Aim of the exercise: Leave out the pictures and retype, exactly, the lines below from the line with "St George's circa 1910" up to and including the line with "チーター司教座標ナイアード アルガン石鹸5個セット( 145g", nothing more.

START The data

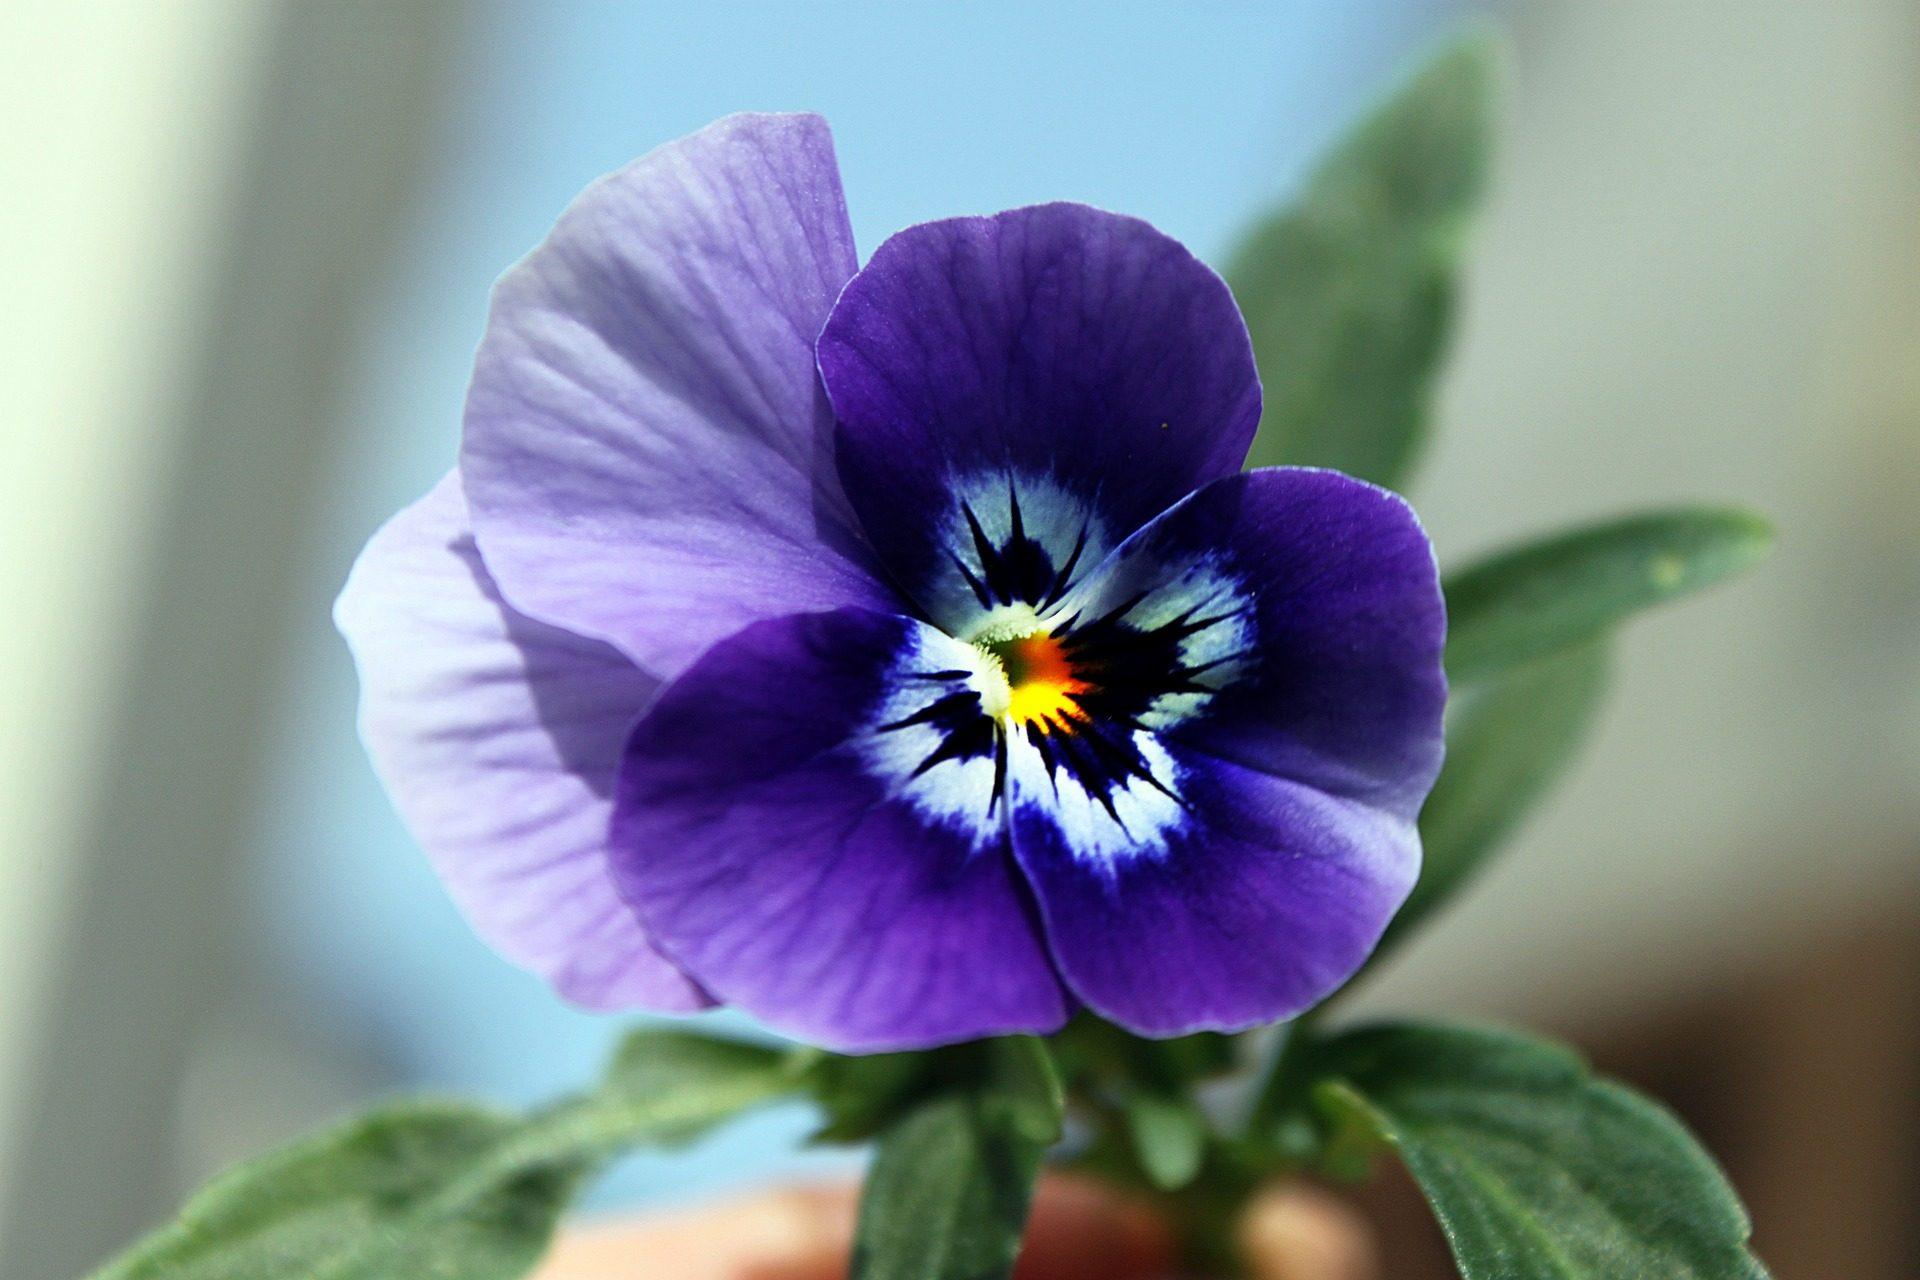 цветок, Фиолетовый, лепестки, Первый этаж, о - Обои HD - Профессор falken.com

END The data
START The data

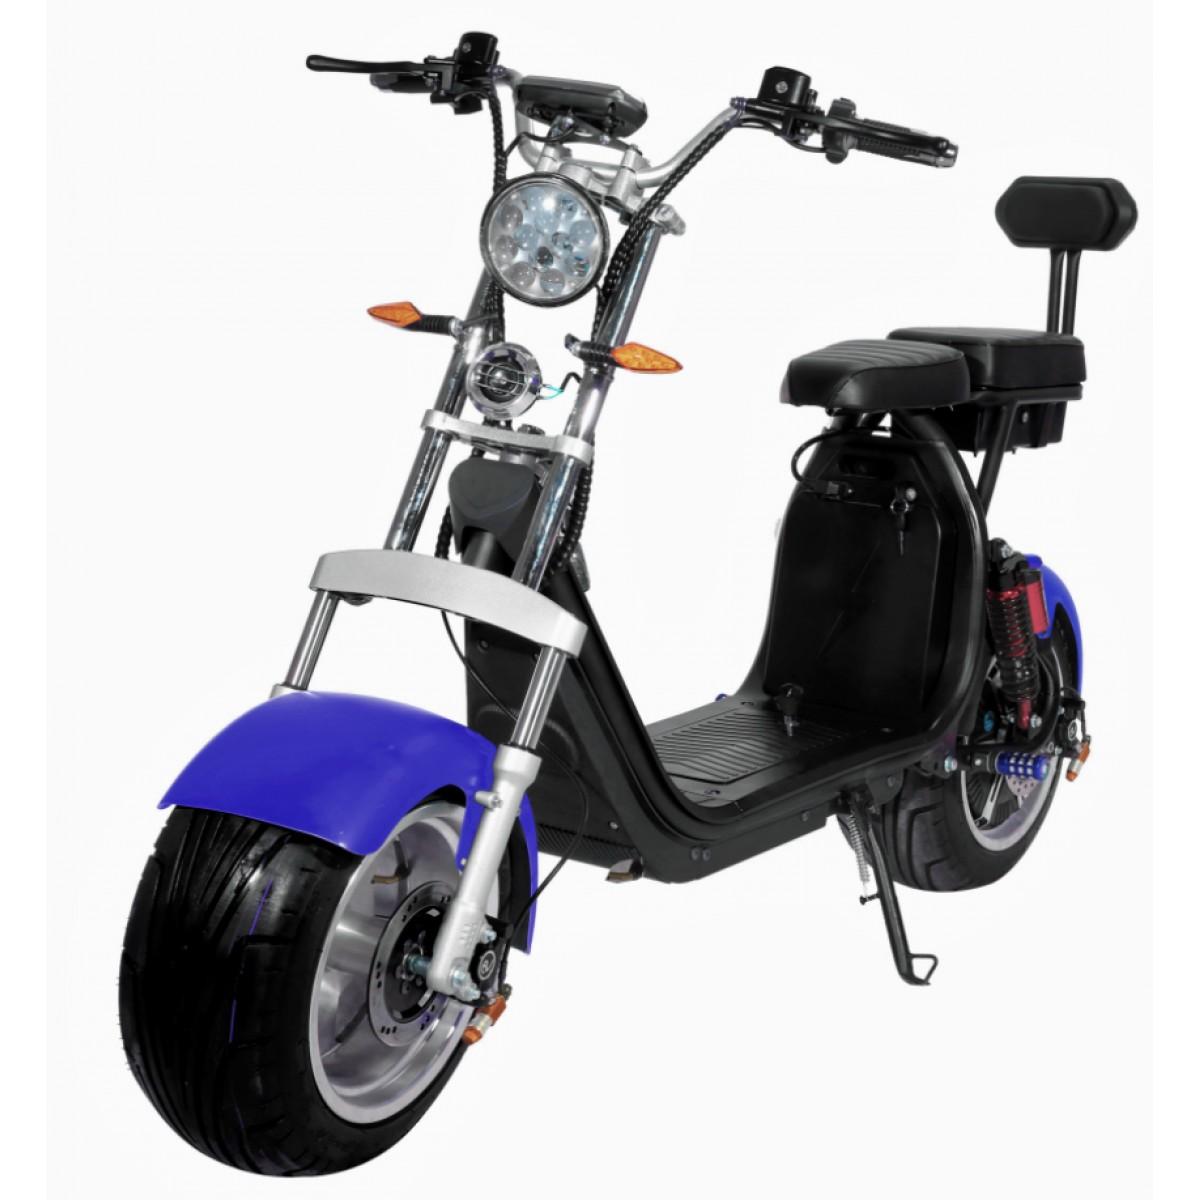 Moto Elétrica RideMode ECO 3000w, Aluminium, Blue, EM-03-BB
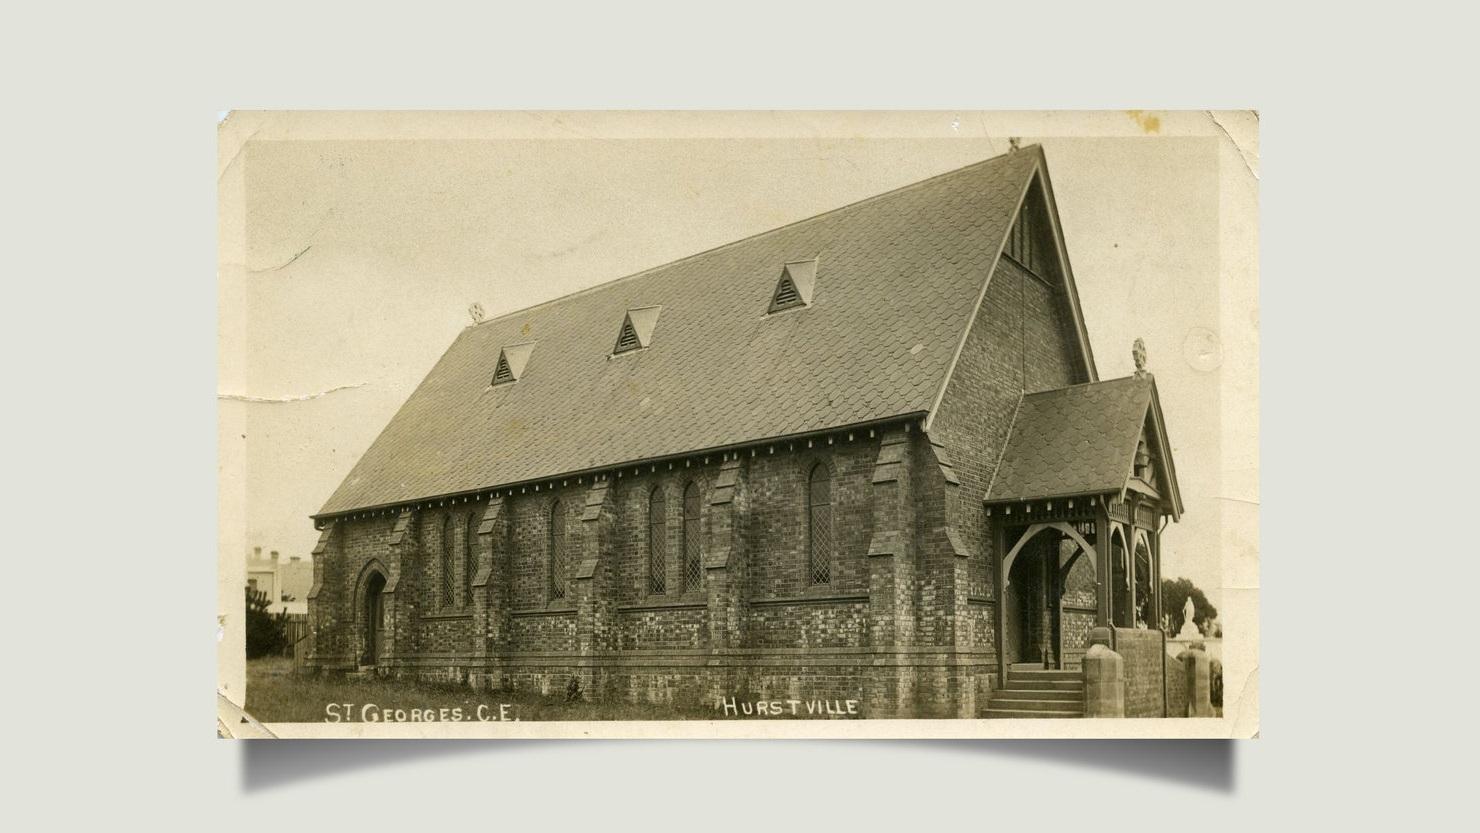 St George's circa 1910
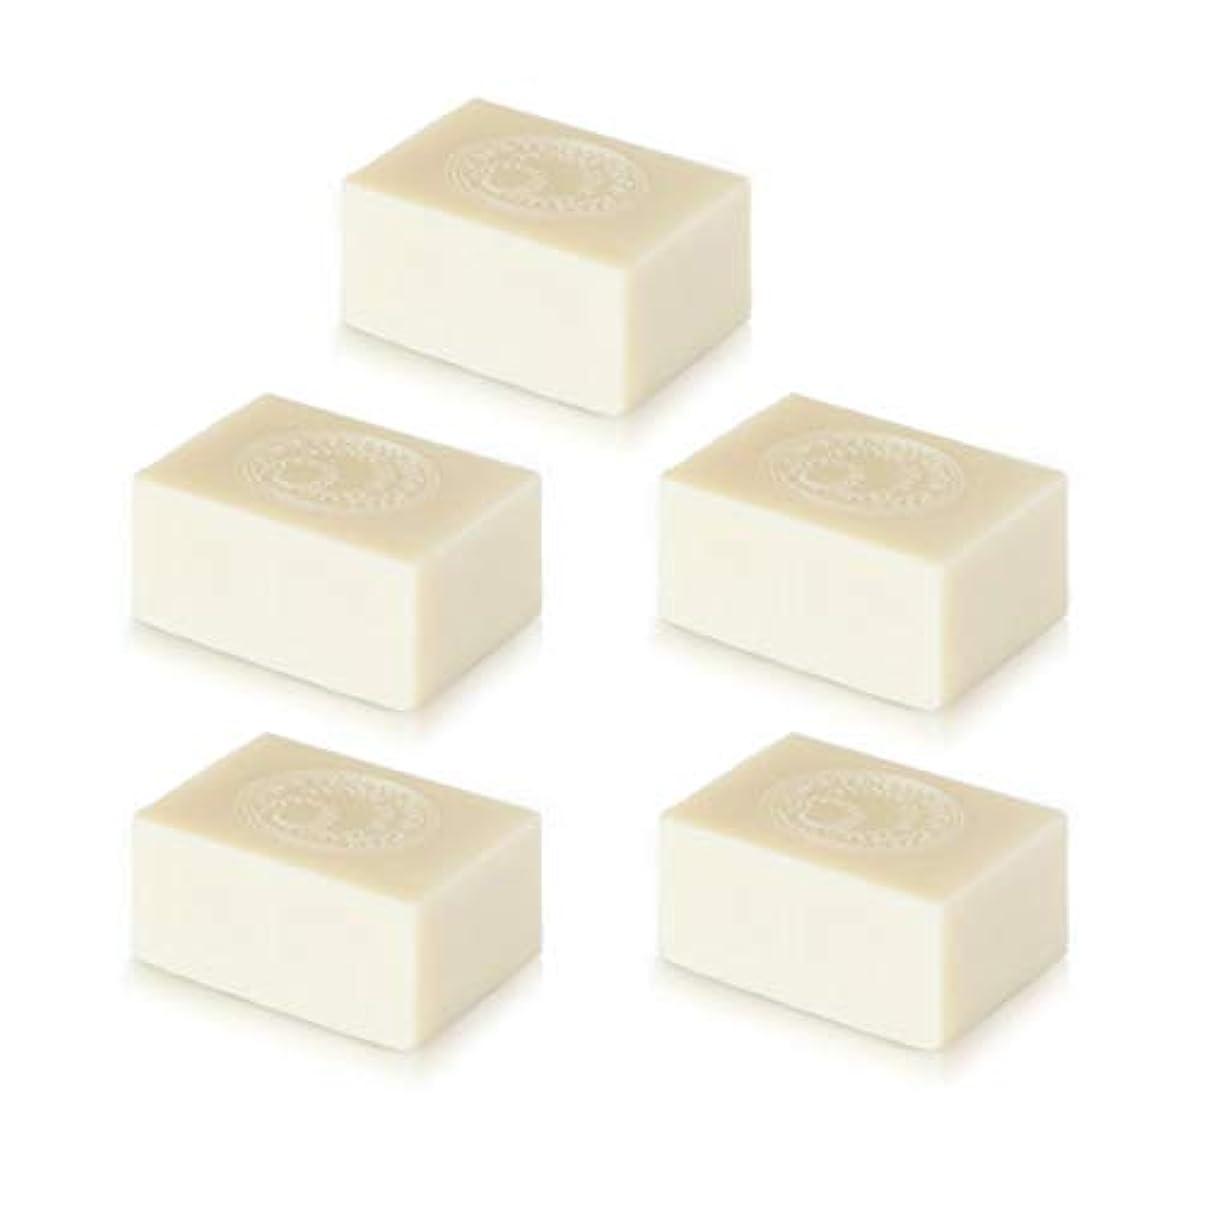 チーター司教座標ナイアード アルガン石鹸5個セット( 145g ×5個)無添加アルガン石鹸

END The data
START The data

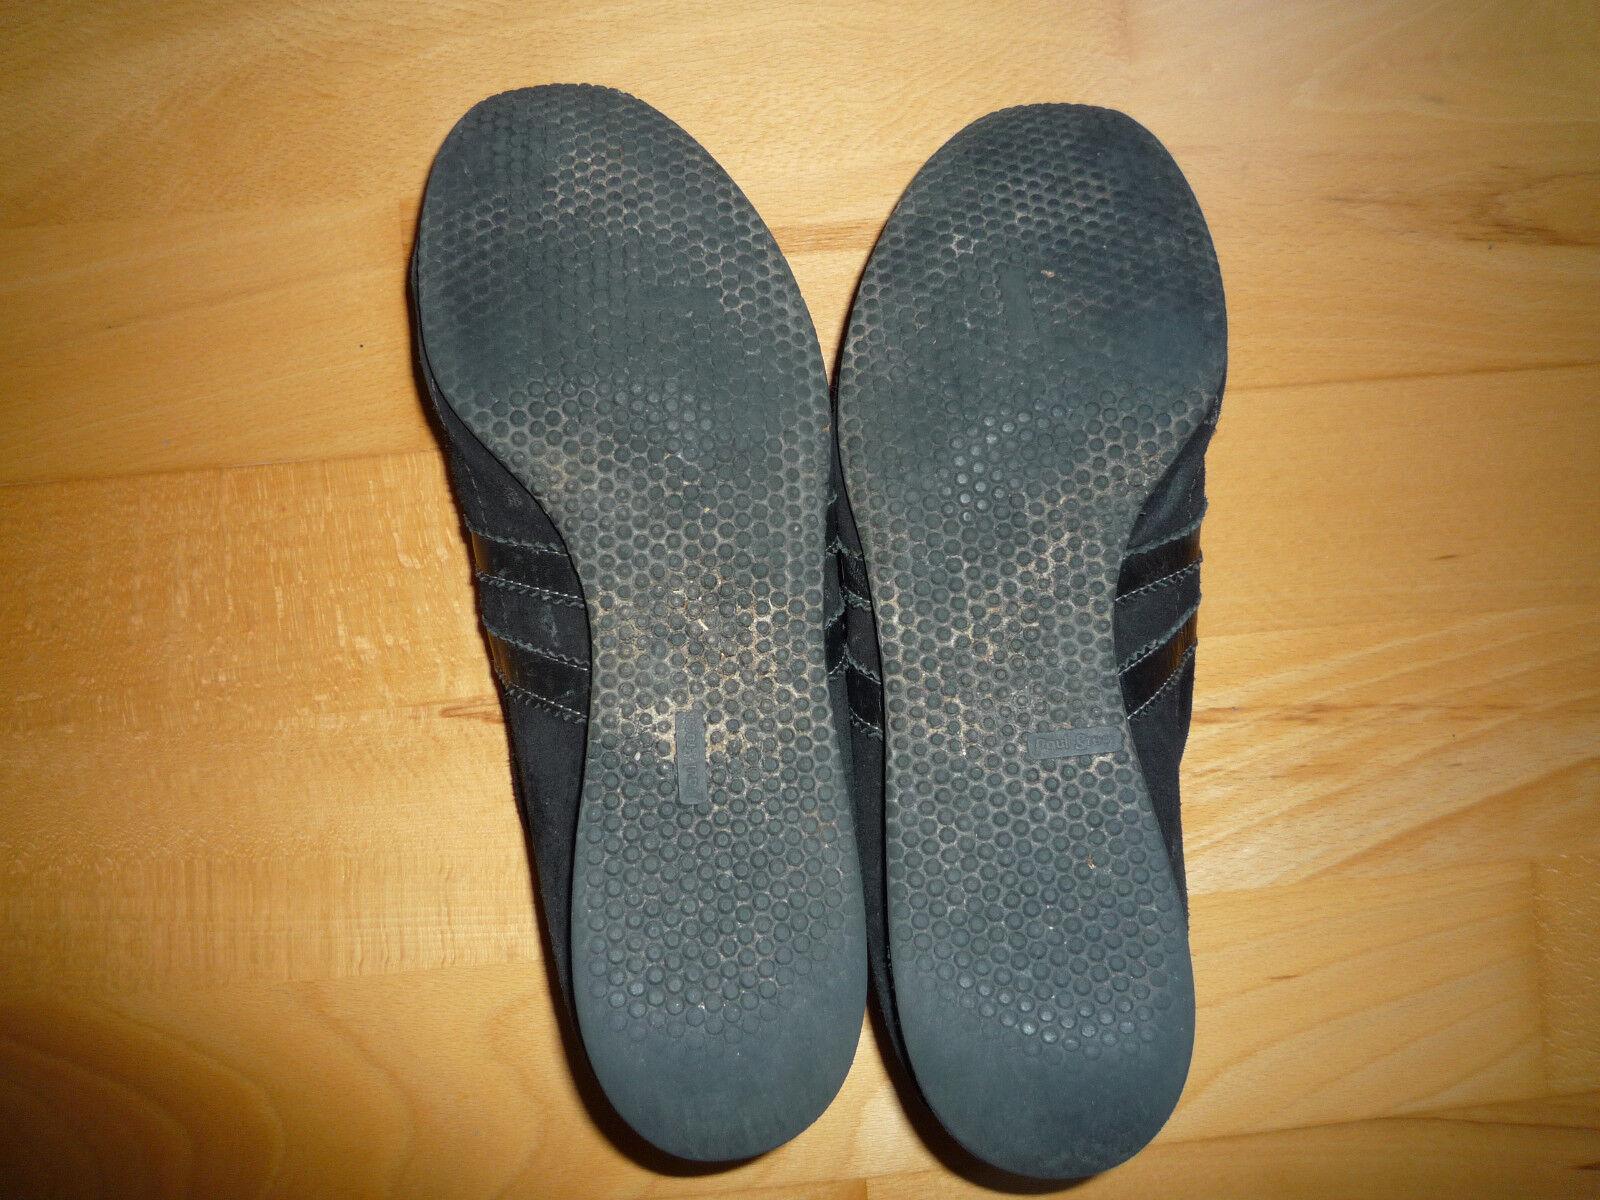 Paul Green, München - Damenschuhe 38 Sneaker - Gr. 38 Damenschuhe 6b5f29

END The data

Answer area:
 St George's circa 1910
 チーター司教座標ナイアード アルガン石鹸5個セット( 145g ×5個)無添加アルガン石鹸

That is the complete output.